Reese and I drew up a budget a month back to finally get a handle on our rampant spending. Among the items, of course, was money spent on the Ghia for non-essential repairs.

I can bend the rules a bit and divert entertainment money or eating out money to Ghia parts. That just means fewer trips to Subway for lunch, fewer movies out or beers with the boys.

But, even before then I've been doing my best not to just throw money at any Ghia problem that comes along. I've stuck quite well to my self-imposed mandate to never take it to a mechanic except for oil changes. There's nothing wrong with paying VW Man $15 in labor charges for such a thankless DIY task.

It started with being told that I needed a whole new carburetor and distributor back in October by VW Man. I took his advice at face value and started pricing carburetors and distributors. Then, I determined that for just a little extra money I could get a perfectly acceptable set of dual carburetors. I'm already dedicated to spending $250-$300 for one new carburetor and distributor, what's an extra $100 when you're spending that kind of money, right?

Well, then the snow fell and that saved me a lot of money. I put Ghia projects aside and went skiing. In January I revisited the carburetor and distributor problem and decided to just rebuild them both and see what happens, spending less than $10 on a carburetor rebuild kit. The experiment worked and the distributor ended up not being a problem once the carburetor was cleaned out enough to send a vacuum signal.

So, I'd gone from believing I was quite rational in spending $400 on my car to only $9+shipping to actually fix the problem.

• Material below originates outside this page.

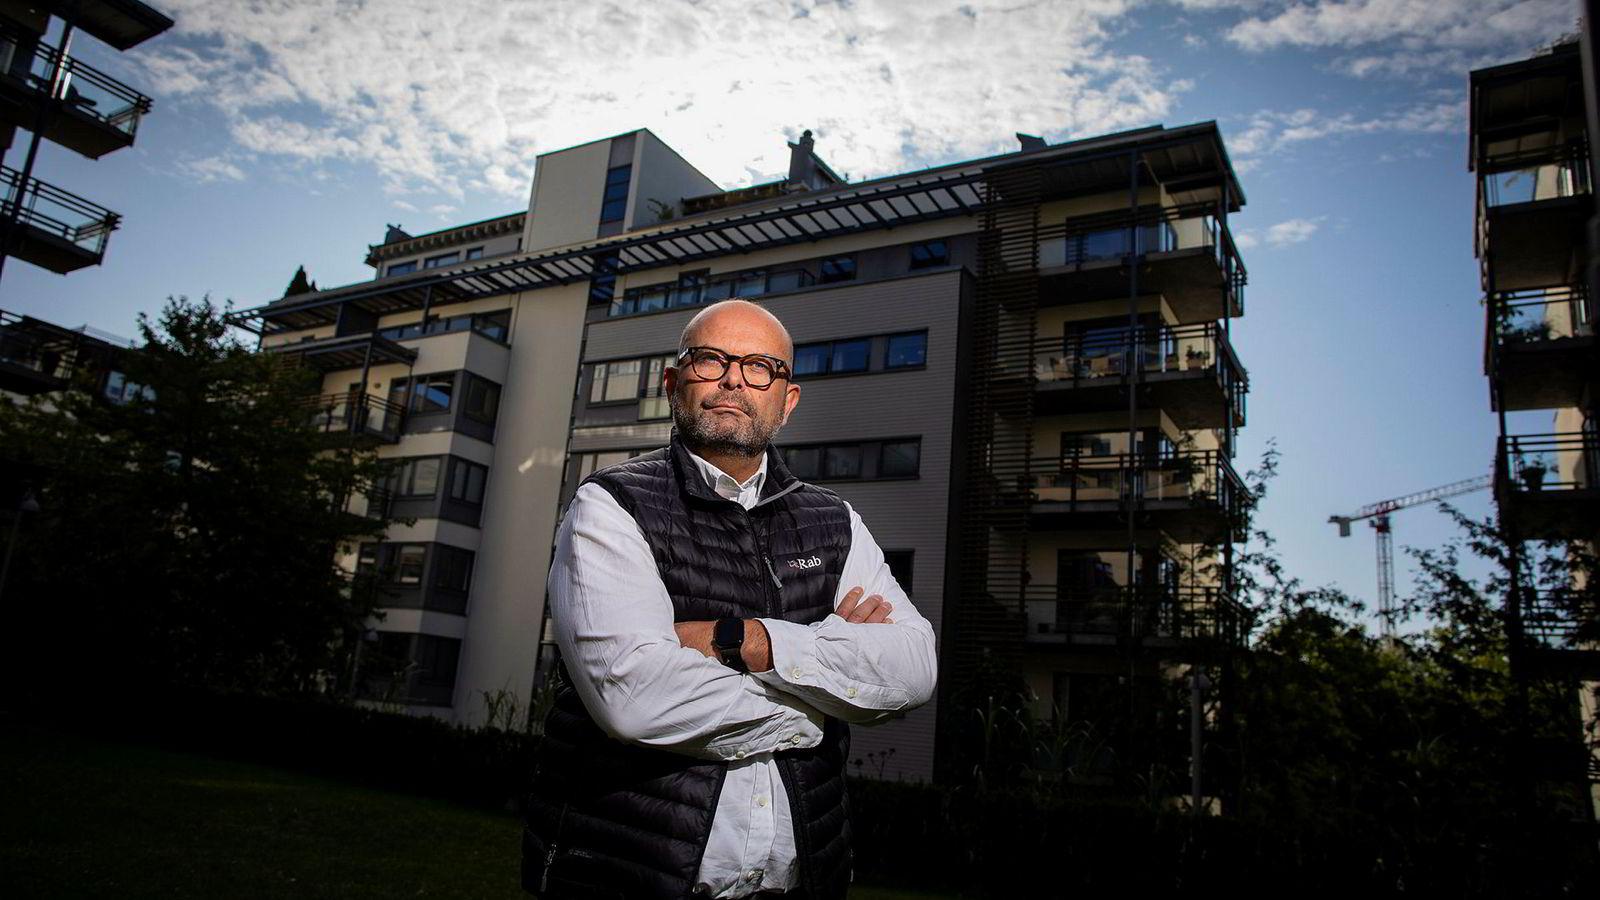 Eiendomsutvikler Terje Tinholt mener Finanstilsynets forslag til ny boliglånsforskrift vil føre til at det bygges færre boliger, og kun er gunstig for dem som allerede har mye penger.

Amazing what you can accomplish when you put limits on yourself. I've always been like that. Read through the archives here and you'll find pictures of the Ghia chassis I made out of Legos. Those were really about the only toys I had as a kid. When all my friends had Transformers that changed from cars or radios into robots I just built my own Transformers out of my junkyard of plastic beams, gears and axles.

In college I studied English and Mass Communications, a general writing degree. Whenever I had to take a poetry writing class I did far better with a rigidly formatted, Shakespearean sonnet than more modern, free-form poetry. When I got into HTML and Web design I steered away from user-friendly, graphical Web page editors and did everything in raw code. Creativity flowed much better when I had boundaries.

Give me a blank page and say "Make something creative" and I'll be stuck, looking into a void. Give me a 10 page piece of writing full of red marks and comments on how to make it better and I can work miracles.

Now it seems the same is true for mechanics. Dirt Rag, a mountain bike magazine, recently said that 2006 is going to be the year of the 29'' mountain bike. Most mountain bikes have 26'' wheels, but in recent years companies have been coming out with their next big thing: an extra three inches of wheel.

Among the various models that have 29'' wheels in the front and back, Trek has come out with a "69er," which has a 29'' wheel only in the front with a traditional 26'' wheel in the back. This sparked something in me and I've been eyeing up my 1999 Specialized Rockhopper frame for a suspension-corrected, 26'' front fork with disc brake mounts that will have enough clearance for a 29'' wheel. The rest of the frame is too small to put a 29'' wheel in the back.

Again, I could just buy a whole new 29'' bike and be done with it, but the wife and I are on a budget. I am a grown up, of course, and I could very easily say "To hell with the budget!" But, I would honestly much rather just piece together an old frame and make something all my own.

The point isn't "I want it, so I'll buy it." The point is "I want to make it, and as a side-effect I'll have it."